I love the way that the japanese say their words.

That was pure excellence.


----------



## Weston (Sep 21, 2010)

Or how about like this?


----------



## TheMachanga (Sep 21, 2010)

and who could forget this?


----------



## krnballerzzz (Sep 21, 2010)

TheMachanga said:


> and who could forget this?


 
I could not watch it beyond 15 seconds.


----------



## ThatGuy (Sep 21, 2010)

Too bad he's not from Osaka.


----------



## KboyForeverB (Sep 21, 2010)

krnballerzzz said:


> I could not watch it beyond 15 seconds.


 
Ya know, shouting screaming, its every person's dream


----------



## pappas (Sep 21, 2010)

TheMachanga said:


> and who could forget this?


 
That kid has problems.
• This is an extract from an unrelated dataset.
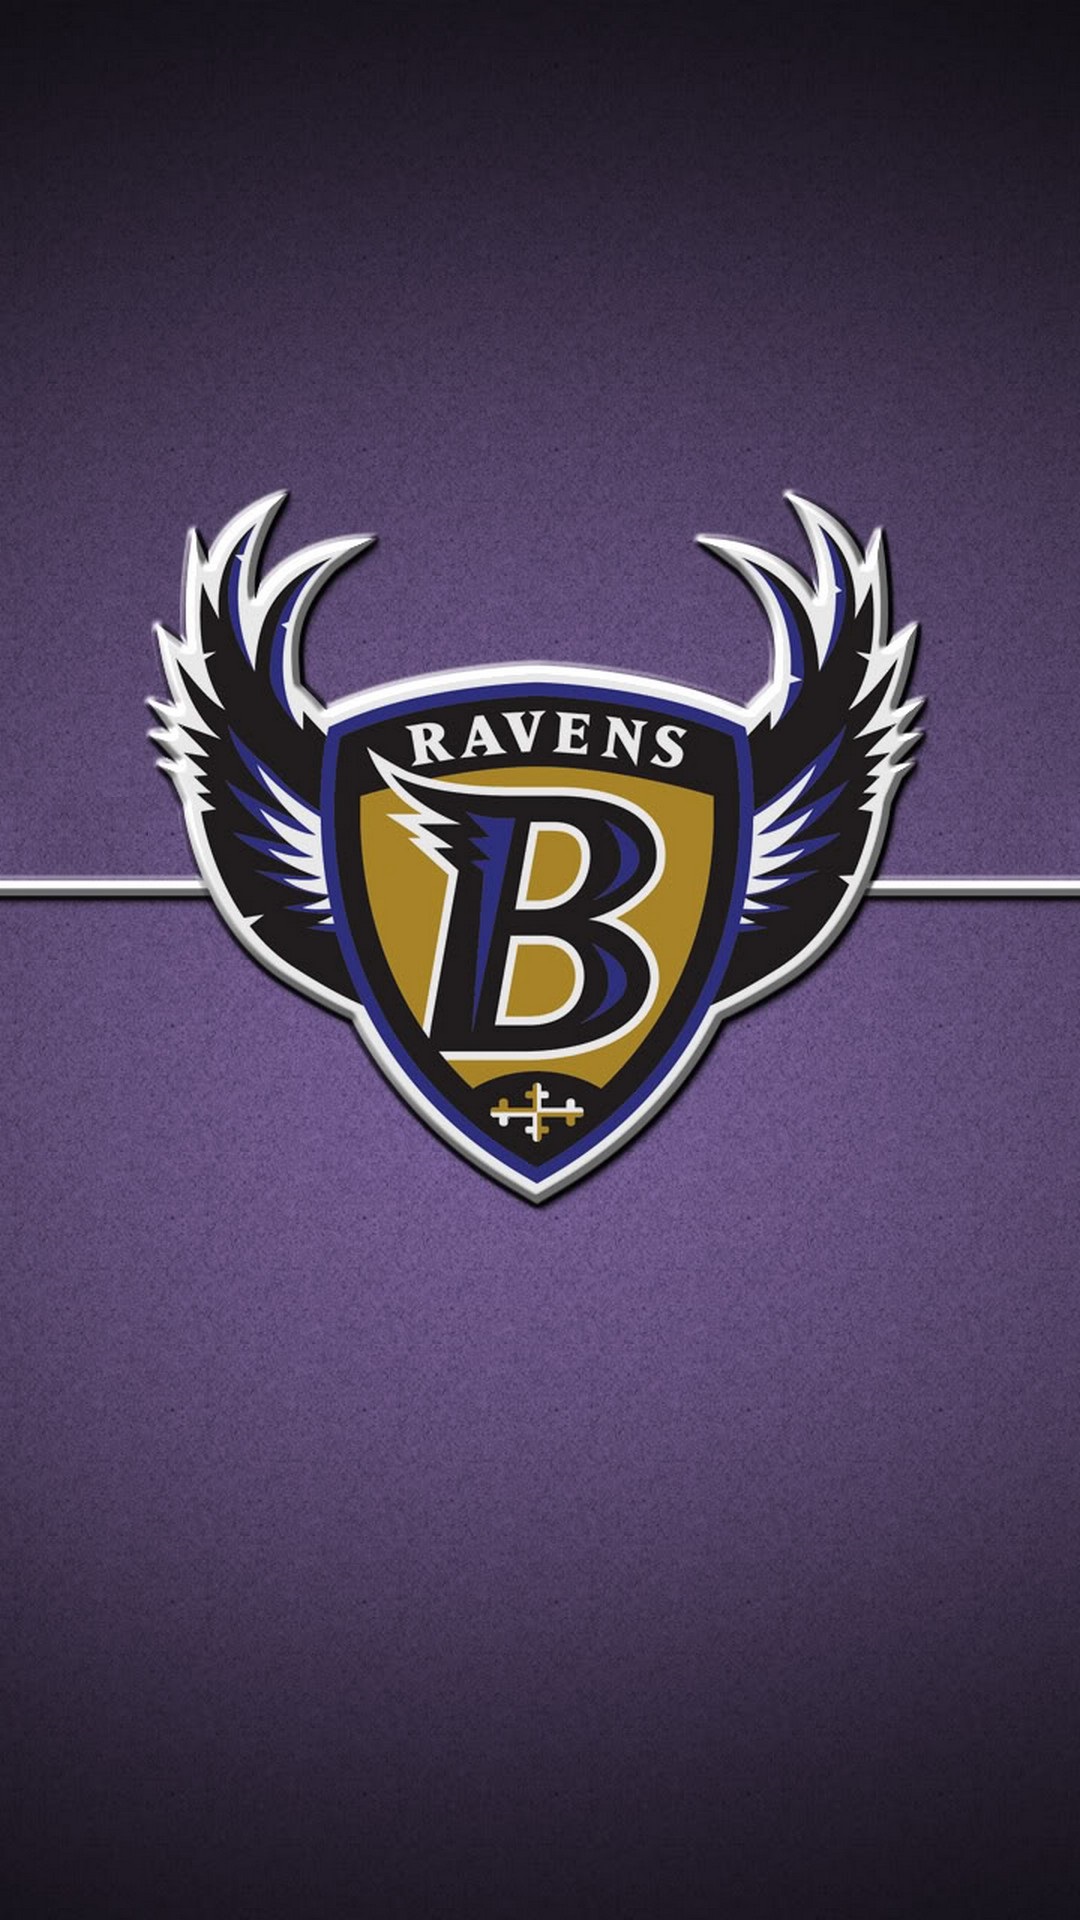 Baltimore Ravens iPhone Lock Screen Wallpaper - 2021 NFL iPhone Wallpaper

It get really good around 2:00.


----------



## Ewks (Sep 21, 2010)

The kid with the v-cube sounds a lot like the double rainbow guy.


----------



## iasimp1997 (Sep 21, 2010)

PAPPAS!!15 said:


> That kid has problems. It get really good around 2:00.


 
Problems? No. He's cool now.


----------



## Zubon (Sep 22, 2010)

Hahaha classic. 
I also always wondered what the hell wee-fee was.....


----------



## yockee (Aug 11, 2011)

I have an unboxing with a talking, hungover envelope that vomits up DIY kit. It contains bad language for those who might get offended.


----------



## Phlippieskezer (Aug 11, 2011)

Weston said:


> Or how about like this?


 
Best. Unboxing. Ever.


----------



## insane569 (Aug 11, 2011)

yockee said:


> I have an unboxing with a talking, hungover envelope that vomits up DIY kit. It contains bad language for those who might get offended.


 
thats my kinda review and unboxing


----------



## Thunderbolt (Aug 11, 2011)

yockee man I saw your movie about PLL's too. Damn that was ****ing awesome! . You're the best person I've ever saw


----------



## TheJCube (Aug 11, 2011)

TheMachanga said:


> and who could forget this?


 
I made a parody of this I think not too long ago...


----------